It happened – here lies the serendipity – that on the same day I was reading articles on the history of capitalism (“La grande histoire du capitalisme”, in Sciences Humaines, Hors-Série Spécial 11, mai-juin 2010), I also watched for the second time Scott Ridley’s movie Robin Hood, with that challenging sentence: “Rise and rise again … until lambs become lions”. Ridley’s version of the story of Robin Hood is interesting because it emphasizes not primarily the outlaw stories of Sherwood Forrest, but the context of (the) Magna Carta (1215), one of the most important British and European documents to guarantee individual freedom. The first time I saw the movie, I was taken by the battle scenes and by this struggle to guarantee individual freedoms within a state, which can easily become oppressive or greedy, and the representatives of which can also be tempted to use their positions to promote their own interests.
The set of articles on the history of capitalism stresses the perspective of global history and is, therefore, willing to look at more than Europe and the Western World to try to understand the history of capitalism. Capitalism, as the respect for the concentration of financial means in the hands of private persons, who can then take initiatives and promote business within a system of markets, is older than I thought, earlier than Europe’s industrial revolution in civilisations and cultures as India or China. But there seems to be one important difference: capitalism in Europe has been connected to political systems that would strongly promote and foster the rights of the individual over against the state, as well as private property, or the behavior of enterprises, etc. In that sense, for example, “liberal capitalism” is a specific kind of capitalism that reflects a particular connection between capitalism and politics. And some of that connection originates in texts as Magna Carta.
So, although I applaud the upholding of individual rights and freedoms over against state and institutional power and authority – that would also be true for other institutions than the state -, these articles on capitalism have tempered somewhat my enthusiasm. When politics, with regard to capitalism, promote individualism at the cost of collective care and responsibility for one another, when politics become the mere regulator of individual rights and entitlements in a struggle where the most powerful and wealthy individual will gain, then there is a serious risk that capitalism becomes exploitative or at the best mildly paternalistic in deciding the fate of the poor and powerless. It is important to me that Magna Carta starts with the a clear reference to God, which means – at least in my books – with the reference to someone who cares for all and whose perspective is that of the Kingdom of God, of a just, sustainable and dignified society and life together. The emphasis on individual rights and freedoms is, therefore, seen in the perspective not of the mere individual and its interests, but in the perspective of dignified life together. It’s a difficult balance to strike … at least, that is what our history teaches us. I am not sure that I fully understand the relations between politics, economics, capitalism, private property and markets … but these relations seem to reveal a lot about how we understand our lives together and our mutual care and responsibility.
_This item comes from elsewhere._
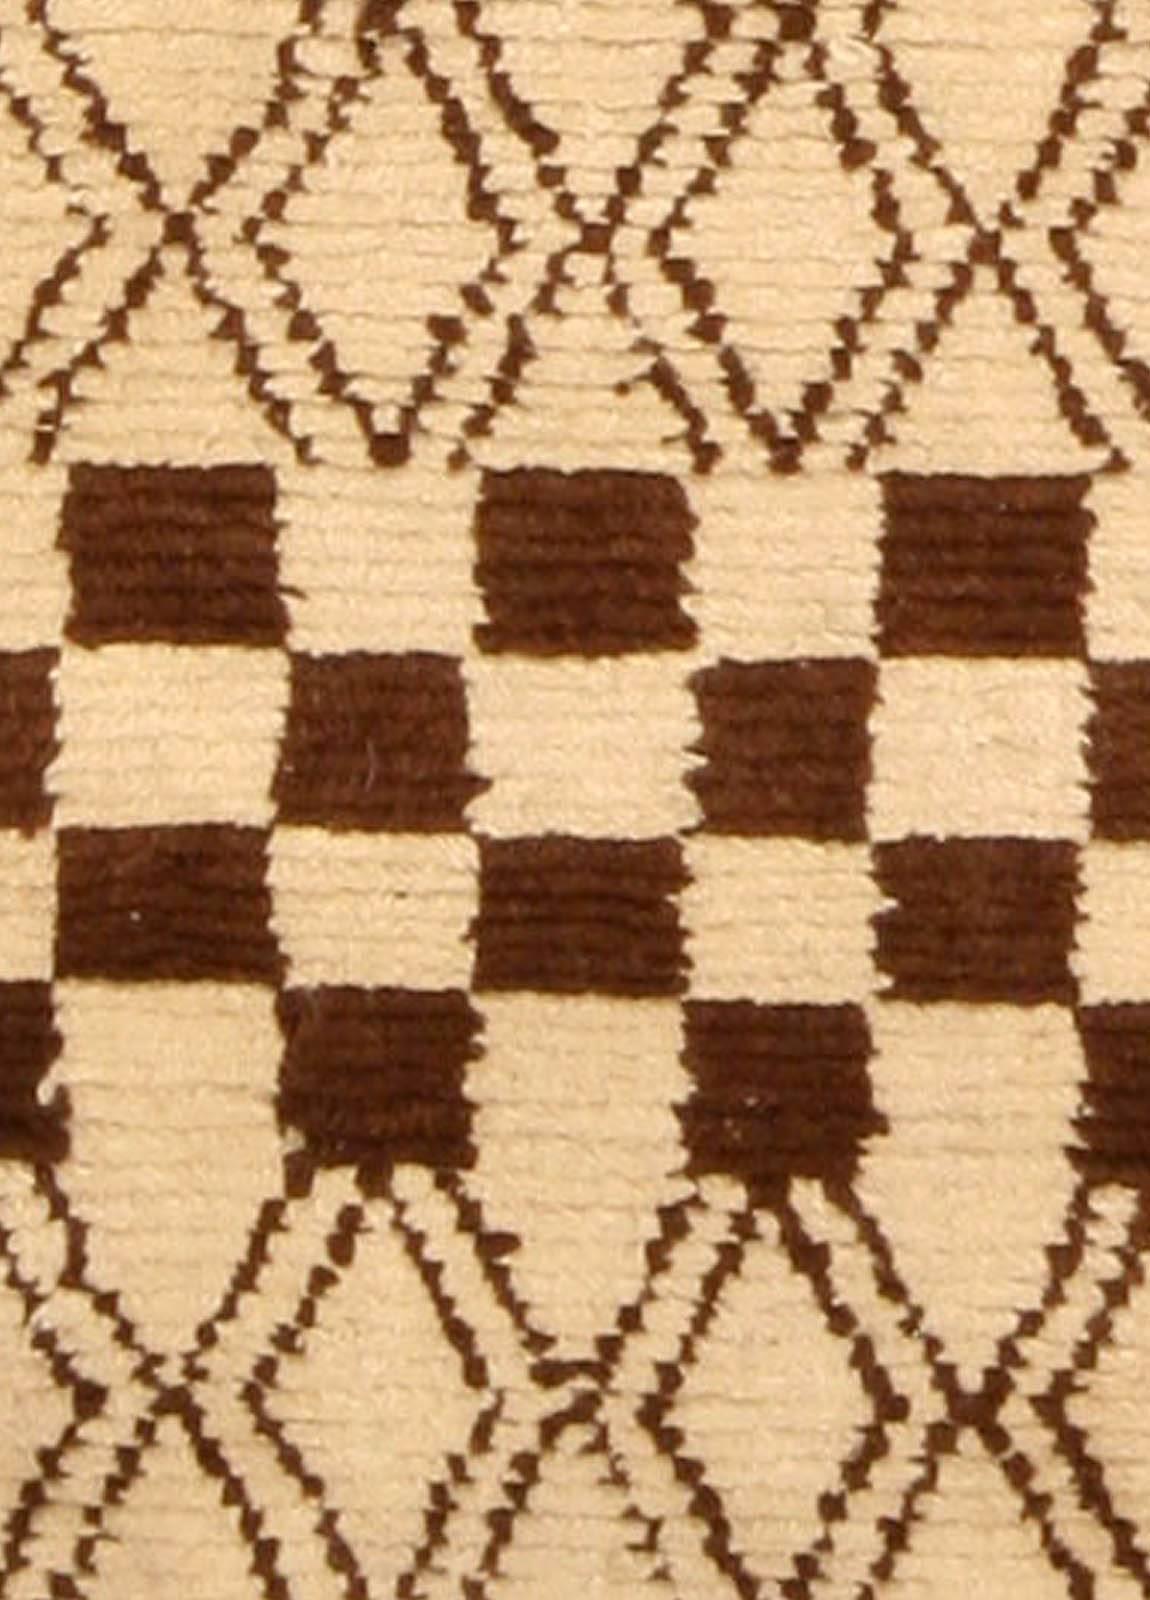 Moderner marokkanischer Teppich aus dem Jahr 1790 in Beige und Braun von Doris Leslie Blau
Größe: 4'0

What I think I do understand is the following: capitalism is about markets, is about personal decision making and creativity, and is about the power to assign means and resources to what one thinks is important for all of us. The last of these three seems the most important to me and I think it is eminently political: the question who decides about the goals we pursue together and the means and resources we can allocate to these efforts, is a societal issue, a question of discernment together and, therefore, a political issue. If politics leaves decision-making to some wealthy and powerful individuals or corporations, and limits its role to put in practice the decisions these individuals or corporations impose, then it has abdicated its very core role and responsibilities. Capitalism, I think, is necessary as the concentration of means and resources to reach costly and important goals, and as a space in which the creativity of individuals surfaces in political decision-making, but it requires the common decision-making processes that allow for a common creativity.
I will be grateful to anyone willing to enlighten me on these issues. The serendipity of watching a movie and reading a set of articles on the same day, has opened up some difficult questions that we have to continue to answer day after day by deciding the way in which we want to live together sustainably on this planet. Magna Carta was right in assuming that this is also a theological issue.